WHAT NEEDS TO BE DONE
Which lines run from the line with "800 Silver set" through the line with "Ruud Gullit draws" in the entries below? Print them exactly, both ends included, and nothing more.
------ ENTRIES PROVIDED
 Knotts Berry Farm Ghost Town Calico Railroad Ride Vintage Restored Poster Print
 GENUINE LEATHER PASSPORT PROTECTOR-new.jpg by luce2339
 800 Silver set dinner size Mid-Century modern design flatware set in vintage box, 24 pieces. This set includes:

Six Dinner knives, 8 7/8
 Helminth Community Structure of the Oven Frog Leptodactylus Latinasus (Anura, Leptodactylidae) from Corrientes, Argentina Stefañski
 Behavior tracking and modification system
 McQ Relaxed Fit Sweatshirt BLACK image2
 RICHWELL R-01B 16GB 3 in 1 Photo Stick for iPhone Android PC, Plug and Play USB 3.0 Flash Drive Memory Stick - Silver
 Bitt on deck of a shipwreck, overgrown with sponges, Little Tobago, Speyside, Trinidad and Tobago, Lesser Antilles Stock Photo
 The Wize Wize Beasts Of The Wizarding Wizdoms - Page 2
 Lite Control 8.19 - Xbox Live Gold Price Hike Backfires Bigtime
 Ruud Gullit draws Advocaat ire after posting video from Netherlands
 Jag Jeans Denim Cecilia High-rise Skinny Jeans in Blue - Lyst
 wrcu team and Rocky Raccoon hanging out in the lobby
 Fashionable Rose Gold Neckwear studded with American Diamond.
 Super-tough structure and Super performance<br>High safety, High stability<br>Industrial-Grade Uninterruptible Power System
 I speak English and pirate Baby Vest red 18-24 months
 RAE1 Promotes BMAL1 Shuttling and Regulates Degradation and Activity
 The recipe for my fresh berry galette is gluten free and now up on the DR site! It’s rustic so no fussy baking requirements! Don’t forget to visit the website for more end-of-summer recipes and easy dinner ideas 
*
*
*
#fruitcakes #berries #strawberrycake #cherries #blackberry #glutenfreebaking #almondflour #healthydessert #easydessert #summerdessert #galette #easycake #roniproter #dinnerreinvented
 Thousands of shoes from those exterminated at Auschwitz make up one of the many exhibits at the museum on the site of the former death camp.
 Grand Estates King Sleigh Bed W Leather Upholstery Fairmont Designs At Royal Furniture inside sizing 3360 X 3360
------------
EXPECTED OUTPUT
 800 Silver set dinner size Mid-Century modern design flatware set in vintage box, 24 pieces. This set includes:

Six Dinner knives, 8 7/8
 Helminth Community Structure of the Oven Frog Leptodactylus Latinasus (Anura, Leptodactylidae) from Corrientes, Argentina Stefañski
 Behavior tracking and modification system
 McQ Relaxed Fit Sweatshirt BLACK image2
 RICHWELL R-01B 16GB 3 in 1 Photo Stick for iPhone Android PC, Plug and Play USB 3.0 Flash Drive Memory Stick - Silver
 Bitt on deck of a shipwreck, overgrown with sponges, Little Tobago, Speyside, Trinidad and Tobago, Lesser Antilles Stock Photo
 The Wize Wize Beasts Of The Wizarding Wizdoms - Page 2
 Lite Control 8.19 - Xbox Live Gold Price Hike Backfires Bigtime
 Ruud Gullit draws Advocaat ire after posting video from Netherlands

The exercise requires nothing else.